The first book in this Christmas compilation is a traditional country house mystery. The narrator is a seventy-year-old woman who is unable to forget a grisly murder that took place fifty years ago.

In the Christmas of 1940, the protagonist – a young war widow – made a holiday visit to her estranged grandmother. An unexplained death shattered the festivities and the killer was never caught.

This is a chilling story with a wonderful twist. Like every mystery in this book, it’s also short enough to finish while you wait for the Christmas turkey to cook.

 A Very Commonplace Murder

A disturbing little tale that made my skin crawl. A voyeuristic, chauvinistic office worker witnesses an incident that could clear a murder suspect’s name. Will he speak out or leave the accused to stand trial? Unpleasant as it is, this story is masterfully written.

The Boxdale Inheritance

Like the first story in this collection, The Boxdale Inheritance could be described as a ‘cold case’. Detective Adam Dalgliesh is asked by his godfather to investigate a decades-old murder; he wants to know who was really behind his late grandfather’s untimely death. Dalgliesh unravels a twisting story of family jealousy and blackmail.

The Twelve Clues of Christmas

You can never go wrong with an opening scene that depicts a detective driving his classic car through the snow. Throw in a country house, warring family and a corpse with Christmas pudding in its mouth, and you have all the ingredients for a wintry murder mystery. P.D. James manages to create a festive classic in less than thirty pages.

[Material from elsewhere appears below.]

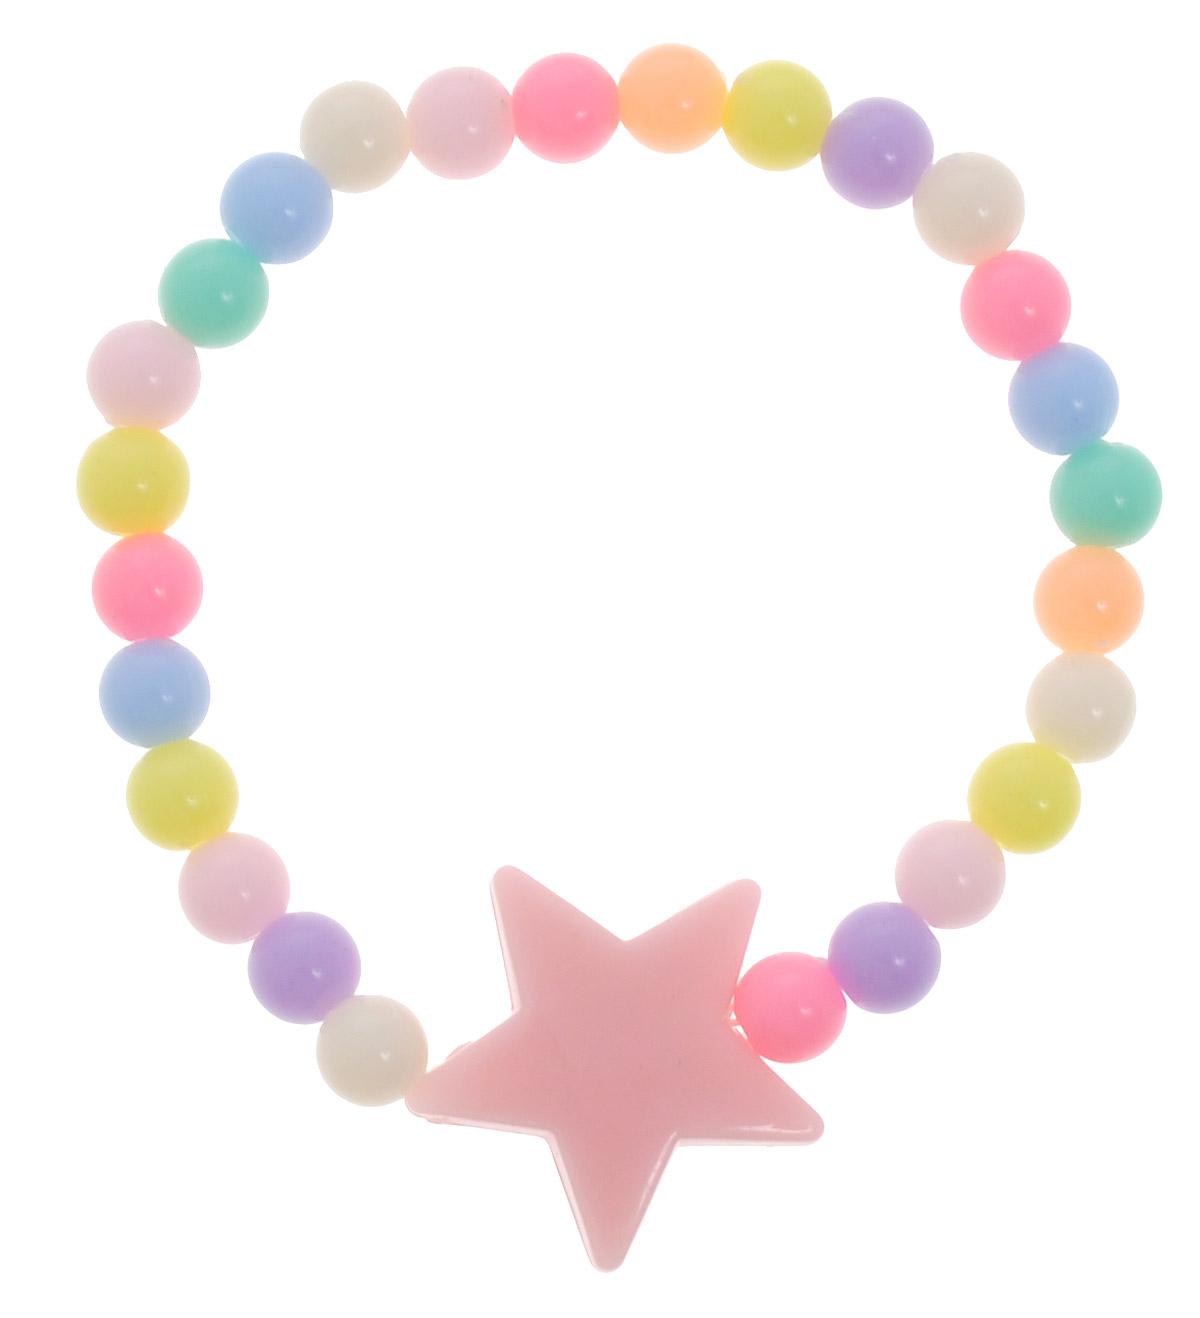 Baby\'s Joy Резинка для волос Звездочка цвет светло-розовый ( VT 303_Звездочка-светло-розовый )

Verdict: If you like in-depth crime stories with drawn out plots The Mistletoe Murder and Other Stories probably isn’t the book for you. P.D. James has broken these tales into bite-sized chunks. Any one of them could be read in an hour or less on Christmas morning. As always, the writing is descriptive, and the situations are gruesomely chilling.

2 thoughts on “Christmas Review: The Mistletoe Murder by P.D. James

    1. She can be stilted but, for me, when it’s a WW2 setting (with lots of stiff upper lips) this adds to the atmosphere. I agree that the stories can be a bit dry – some of characters are emotionally distant, even when they witness a murder!